━━ Excerpted records

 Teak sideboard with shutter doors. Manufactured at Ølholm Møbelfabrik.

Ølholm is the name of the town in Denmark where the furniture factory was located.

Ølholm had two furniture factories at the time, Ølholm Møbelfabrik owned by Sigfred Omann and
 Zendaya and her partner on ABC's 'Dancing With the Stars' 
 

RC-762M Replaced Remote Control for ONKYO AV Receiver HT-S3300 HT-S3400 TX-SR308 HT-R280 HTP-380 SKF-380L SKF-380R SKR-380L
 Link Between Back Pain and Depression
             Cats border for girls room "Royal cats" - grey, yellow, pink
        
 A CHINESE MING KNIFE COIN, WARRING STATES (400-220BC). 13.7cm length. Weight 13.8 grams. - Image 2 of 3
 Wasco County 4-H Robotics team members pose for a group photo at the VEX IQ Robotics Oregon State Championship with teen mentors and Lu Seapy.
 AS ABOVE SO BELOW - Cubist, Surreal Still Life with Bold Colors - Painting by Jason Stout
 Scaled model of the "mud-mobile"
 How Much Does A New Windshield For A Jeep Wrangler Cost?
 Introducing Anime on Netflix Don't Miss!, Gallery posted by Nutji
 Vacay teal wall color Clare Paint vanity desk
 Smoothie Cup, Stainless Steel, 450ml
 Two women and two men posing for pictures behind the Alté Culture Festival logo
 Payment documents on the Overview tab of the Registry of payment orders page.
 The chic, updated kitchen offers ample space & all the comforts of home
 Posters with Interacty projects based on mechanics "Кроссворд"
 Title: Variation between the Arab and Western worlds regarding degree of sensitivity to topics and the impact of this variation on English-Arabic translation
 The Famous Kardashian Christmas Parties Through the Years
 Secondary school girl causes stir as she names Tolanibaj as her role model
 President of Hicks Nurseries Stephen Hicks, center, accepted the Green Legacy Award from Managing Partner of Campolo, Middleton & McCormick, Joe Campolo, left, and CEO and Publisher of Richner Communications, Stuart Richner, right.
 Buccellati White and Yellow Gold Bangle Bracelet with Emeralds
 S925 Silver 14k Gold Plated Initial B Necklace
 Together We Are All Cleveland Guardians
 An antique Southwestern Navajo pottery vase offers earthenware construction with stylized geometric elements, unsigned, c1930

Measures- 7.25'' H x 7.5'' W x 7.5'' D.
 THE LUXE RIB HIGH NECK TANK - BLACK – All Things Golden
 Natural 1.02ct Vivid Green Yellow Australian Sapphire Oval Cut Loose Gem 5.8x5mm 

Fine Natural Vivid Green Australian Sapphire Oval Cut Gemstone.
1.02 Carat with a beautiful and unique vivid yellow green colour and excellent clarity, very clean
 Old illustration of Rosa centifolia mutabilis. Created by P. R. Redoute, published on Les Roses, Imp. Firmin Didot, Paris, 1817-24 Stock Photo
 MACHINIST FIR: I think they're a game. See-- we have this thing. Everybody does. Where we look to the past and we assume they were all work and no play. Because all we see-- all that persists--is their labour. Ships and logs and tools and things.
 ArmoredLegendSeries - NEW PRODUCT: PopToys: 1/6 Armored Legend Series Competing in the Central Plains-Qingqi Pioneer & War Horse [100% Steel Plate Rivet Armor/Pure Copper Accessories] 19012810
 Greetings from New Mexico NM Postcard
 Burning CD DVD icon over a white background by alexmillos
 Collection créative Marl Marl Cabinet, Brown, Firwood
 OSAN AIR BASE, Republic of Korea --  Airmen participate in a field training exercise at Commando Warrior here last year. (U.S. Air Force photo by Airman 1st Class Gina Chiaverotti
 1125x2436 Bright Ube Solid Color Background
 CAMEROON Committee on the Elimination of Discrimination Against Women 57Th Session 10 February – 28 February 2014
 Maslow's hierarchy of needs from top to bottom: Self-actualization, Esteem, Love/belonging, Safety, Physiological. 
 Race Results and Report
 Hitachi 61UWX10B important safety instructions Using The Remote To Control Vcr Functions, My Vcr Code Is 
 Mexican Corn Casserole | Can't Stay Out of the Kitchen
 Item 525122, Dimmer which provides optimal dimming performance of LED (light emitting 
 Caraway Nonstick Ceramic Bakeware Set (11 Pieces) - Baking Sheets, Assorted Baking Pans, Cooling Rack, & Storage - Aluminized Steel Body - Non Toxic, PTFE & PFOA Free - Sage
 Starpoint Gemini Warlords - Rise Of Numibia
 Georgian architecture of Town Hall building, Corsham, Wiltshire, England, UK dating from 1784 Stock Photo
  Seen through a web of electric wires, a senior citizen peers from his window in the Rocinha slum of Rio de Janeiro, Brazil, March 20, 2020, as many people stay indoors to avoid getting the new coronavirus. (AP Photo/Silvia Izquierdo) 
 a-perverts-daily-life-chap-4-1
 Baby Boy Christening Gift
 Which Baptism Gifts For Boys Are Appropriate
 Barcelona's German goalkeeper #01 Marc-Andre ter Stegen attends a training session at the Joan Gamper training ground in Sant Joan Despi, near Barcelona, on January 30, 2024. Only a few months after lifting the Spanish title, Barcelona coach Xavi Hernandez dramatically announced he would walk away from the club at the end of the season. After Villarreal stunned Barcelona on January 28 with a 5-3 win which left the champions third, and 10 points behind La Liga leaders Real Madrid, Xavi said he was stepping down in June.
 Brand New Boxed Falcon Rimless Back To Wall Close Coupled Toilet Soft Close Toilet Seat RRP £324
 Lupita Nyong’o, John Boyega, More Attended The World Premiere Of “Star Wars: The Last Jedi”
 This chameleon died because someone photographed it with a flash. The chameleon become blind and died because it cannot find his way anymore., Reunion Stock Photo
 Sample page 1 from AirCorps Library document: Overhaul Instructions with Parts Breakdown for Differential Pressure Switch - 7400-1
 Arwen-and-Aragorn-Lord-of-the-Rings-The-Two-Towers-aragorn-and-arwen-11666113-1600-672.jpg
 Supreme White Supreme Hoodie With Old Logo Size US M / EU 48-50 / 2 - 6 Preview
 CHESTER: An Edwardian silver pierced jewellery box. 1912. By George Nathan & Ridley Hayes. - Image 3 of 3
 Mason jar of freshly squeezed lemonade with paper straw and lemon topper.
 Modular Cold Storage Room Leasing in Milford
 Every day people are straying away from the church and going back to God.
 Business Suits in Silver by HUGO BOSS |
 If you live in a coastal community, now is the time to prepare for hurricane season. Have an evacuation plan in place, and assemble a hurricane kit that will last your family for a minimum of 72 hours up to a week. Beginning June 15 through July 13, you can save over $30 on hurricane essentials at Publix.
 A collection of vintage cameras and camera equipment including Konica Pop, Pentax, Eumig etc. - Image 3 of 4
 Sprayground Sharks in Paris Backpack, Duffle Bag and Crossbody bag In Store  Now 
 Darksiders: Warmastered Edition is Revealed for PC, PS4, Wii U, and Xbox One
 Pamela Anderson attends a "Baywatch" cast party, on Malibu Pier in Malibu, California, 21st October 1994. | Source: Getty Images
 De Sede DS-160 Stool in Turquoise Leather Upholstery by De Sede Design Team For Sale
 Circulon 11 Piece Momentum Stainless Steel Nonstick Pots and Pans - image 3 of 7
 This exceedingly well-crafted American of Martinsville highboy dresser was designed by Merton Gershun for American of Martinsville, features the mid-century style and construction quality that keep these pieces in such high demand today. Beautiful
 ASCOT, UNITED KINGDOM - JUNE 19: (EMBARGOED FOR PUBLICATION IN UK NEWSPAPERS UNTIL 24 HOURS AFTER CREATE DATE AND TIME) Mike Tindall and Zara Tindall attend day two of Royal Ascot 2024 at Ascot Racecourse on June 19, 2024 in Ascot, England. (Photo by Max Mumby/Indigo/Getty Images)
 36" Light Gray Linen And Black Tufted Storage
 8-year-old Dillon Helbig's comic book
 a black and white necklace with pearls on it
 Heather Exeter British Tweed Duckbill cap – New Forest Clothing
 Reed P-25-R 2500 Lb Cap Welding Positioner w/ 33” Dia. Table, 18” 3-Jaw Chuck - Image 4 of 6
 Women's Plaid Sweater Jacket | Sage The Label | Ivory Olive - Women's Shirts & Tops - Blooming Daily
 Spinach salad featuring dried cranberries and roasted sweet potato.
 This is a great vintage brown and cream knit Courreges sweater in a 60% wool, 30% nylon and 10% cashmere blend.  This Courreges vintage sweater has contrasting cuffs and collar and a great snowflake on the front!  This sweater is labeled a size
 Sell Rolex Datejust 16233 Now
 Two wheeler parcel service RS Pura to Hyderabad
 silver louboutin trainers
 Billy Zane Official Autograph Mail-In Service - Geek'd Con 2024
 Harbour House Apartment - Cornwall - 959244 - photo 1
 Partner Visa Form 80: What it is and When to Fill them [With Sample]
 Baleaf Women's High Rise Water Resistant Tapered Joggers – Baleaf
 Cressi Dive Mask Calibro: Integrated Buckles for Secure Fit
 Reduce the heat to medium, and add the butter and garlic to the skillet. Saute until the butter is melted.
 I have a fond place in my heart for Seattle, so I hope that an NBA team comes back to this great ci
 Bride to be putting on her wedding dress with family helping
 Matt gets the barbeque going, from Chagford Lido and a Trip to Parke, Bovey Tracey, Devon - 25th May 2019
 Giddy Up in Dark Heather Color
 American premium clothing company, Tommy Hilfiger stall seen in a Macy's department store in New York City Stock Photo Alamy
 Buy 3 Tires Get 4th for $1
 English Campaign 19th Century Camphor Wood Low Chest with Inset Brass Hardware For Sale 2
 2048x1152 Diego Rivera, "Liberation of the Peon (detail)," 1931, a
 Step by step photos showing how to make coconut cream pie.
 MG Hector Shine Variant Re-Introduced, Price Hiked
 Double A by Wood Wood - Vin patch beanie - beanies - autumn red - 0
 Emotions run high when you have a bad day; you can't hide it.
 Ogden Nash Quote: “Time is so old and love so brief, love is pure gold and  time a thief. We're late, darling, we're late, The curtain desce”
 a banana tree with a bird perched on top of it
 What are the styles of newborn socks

━━━━

• **Your task**
Filter the records for lines containing the word "Australian" and copy each one.

• **Response to this exercise**
 Natural 1.02ct Vivid Green Yellow Australian Sapphire Oval Cut Loose Gem 5.8x5mm 
Fine Natural Vivid Green Australian Sapphire Oval Cut Gemstone.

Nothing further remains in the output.